▸ Activity
Retype the entries in full, exactly.

--- START ---

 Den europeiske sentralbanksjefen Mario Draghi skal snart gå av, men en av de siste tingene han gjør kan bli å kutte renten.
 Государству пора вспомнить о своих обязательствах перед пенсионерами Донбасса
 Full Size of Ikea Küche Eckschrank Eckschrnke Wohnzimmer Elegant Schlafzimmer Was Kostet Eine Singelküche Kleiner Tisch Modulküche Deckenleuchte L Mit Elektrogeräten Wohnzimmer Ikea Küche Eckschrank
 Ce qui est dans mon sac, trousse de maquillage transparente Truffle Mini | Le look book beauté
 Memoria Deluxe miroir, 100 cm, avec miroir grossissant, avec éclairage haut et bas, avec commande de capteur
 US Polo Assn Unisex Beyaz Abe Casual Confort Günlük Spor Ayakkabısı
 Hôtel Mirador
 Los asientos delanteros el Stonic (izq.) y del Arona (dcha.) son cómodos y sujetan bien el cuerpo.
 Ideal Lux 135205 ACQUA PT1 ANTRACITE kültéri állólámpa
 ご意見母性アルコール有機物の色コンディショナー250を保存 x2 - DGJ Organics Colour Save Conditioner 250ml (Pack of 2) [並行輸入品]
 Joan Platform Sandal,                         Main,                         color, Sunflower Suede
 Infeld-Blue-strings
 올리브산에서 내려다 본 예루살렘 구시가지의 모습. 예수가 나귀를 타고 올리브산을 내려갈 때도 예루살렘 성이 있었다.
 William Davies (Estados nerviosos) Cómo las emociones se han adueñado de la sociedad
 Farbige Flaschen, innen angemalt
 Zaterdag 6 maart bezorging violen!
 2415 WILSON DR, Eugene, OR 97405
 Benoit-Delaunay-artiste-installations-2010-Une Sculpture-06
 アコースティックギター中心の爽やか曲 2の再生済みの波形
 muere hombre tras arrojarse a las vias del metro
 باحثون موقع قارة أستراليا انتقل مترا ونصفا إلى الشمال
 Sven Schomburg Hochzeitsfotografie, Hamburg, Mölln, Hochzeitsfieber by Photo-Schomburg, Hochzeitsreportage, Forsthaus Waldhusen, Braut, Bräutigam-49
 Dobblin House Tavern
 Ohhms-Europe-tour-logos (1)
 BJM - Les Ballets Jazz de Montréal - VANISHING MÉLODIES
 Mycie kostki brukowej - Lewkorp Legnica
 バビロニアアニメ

--- END ---

▸ The completed task
 Den europeiske sentralbanksjefen Mario Draghi skal snart gå av, men en av de siste tingene han gjør kan bli å kutte renten.
 Государству пора вспомнить о своих обязательствах перед пенсионерами Донбасса
 Full Size of Ikea Küche Eckschrank Eckschrnke Wohnzimmer Elegant Schlafzimmer Was Kostet Eine Singelküche Kleiner Tisch Modulküche Deckenleuchte L Mit Elektrogeräten Wohnzimmer Ikea Küche Eckschrank
 Ce qui est dans mon sac, trousse de maquillage transparente Truffle Mini | Le look book beauté
 Memoria Deluxe miroir, 100 cm, avec miroir grossissant, avec éclairage haut et bas, avec commande de capteur
 US Polo Assn Unisex Beyaz Abe Casual Confort Günlük Spor Ayakkabısı
 Hôtel Mirador
 Los asientos delanteros el Stonic (izq.) y del Arona (dcha.) son cómodos y sujetan bien el cuerpo.
 Ideal Lux 135205 ACQUA PT1 ANTRACITE kültéri állólámpa
 ご意見母性アルコール有機物の色コンディショナー250を保存 x2 - DGJ Organics Colour Save Conditioner 250ml (Pack of 2) [並行輸入品]
 Joan Platform Sandal,                         Main,                         color, Sunflower Suede
 Infeld-Blue-strings
 올리브산에서 내려다 본 예루살렘 구시가지의 모습. 예수가 나귀를 타고 올리브산을 내려갈 때도 예루살렘 성이 있었다.
 William Davies (Estados nerviosos) Cómo las emociones se han adueñado de la sociedad
 Farbige Flaschen, innen angemalt
 Zaterdag 6 maart bezorging violen!
 2415 WILSON DR, Eugene, OR 97405
 Benoit-Delaunay-artiste-installations-2010-Une Sculpture-06
 アコースティックギター中心の爽やか曲 2の再生済みの波形
 muere hombre tras arrojarse a las vias del metro
 باحثون موقع قارة أستراليا انتقل مترا ونصفا إلى الشمال
 Sven Schomburg Hochzeitsfotografie, Hamburg, Mölln, Hochzeitsfieber by Photo-Schomburg, Hochzeitsreportage, Forsthaus Waldhusen, Braut, Bräutigam-49
 Dobblin House Tavern
 Ohhms-Europe-tour-logos (1)
 BJM - Les Ballets Jazz de Montréal - VANISHING MÉLODIES
 Mycie kostki brukowej - Lewkorp Legnica
 バビロニアアニメ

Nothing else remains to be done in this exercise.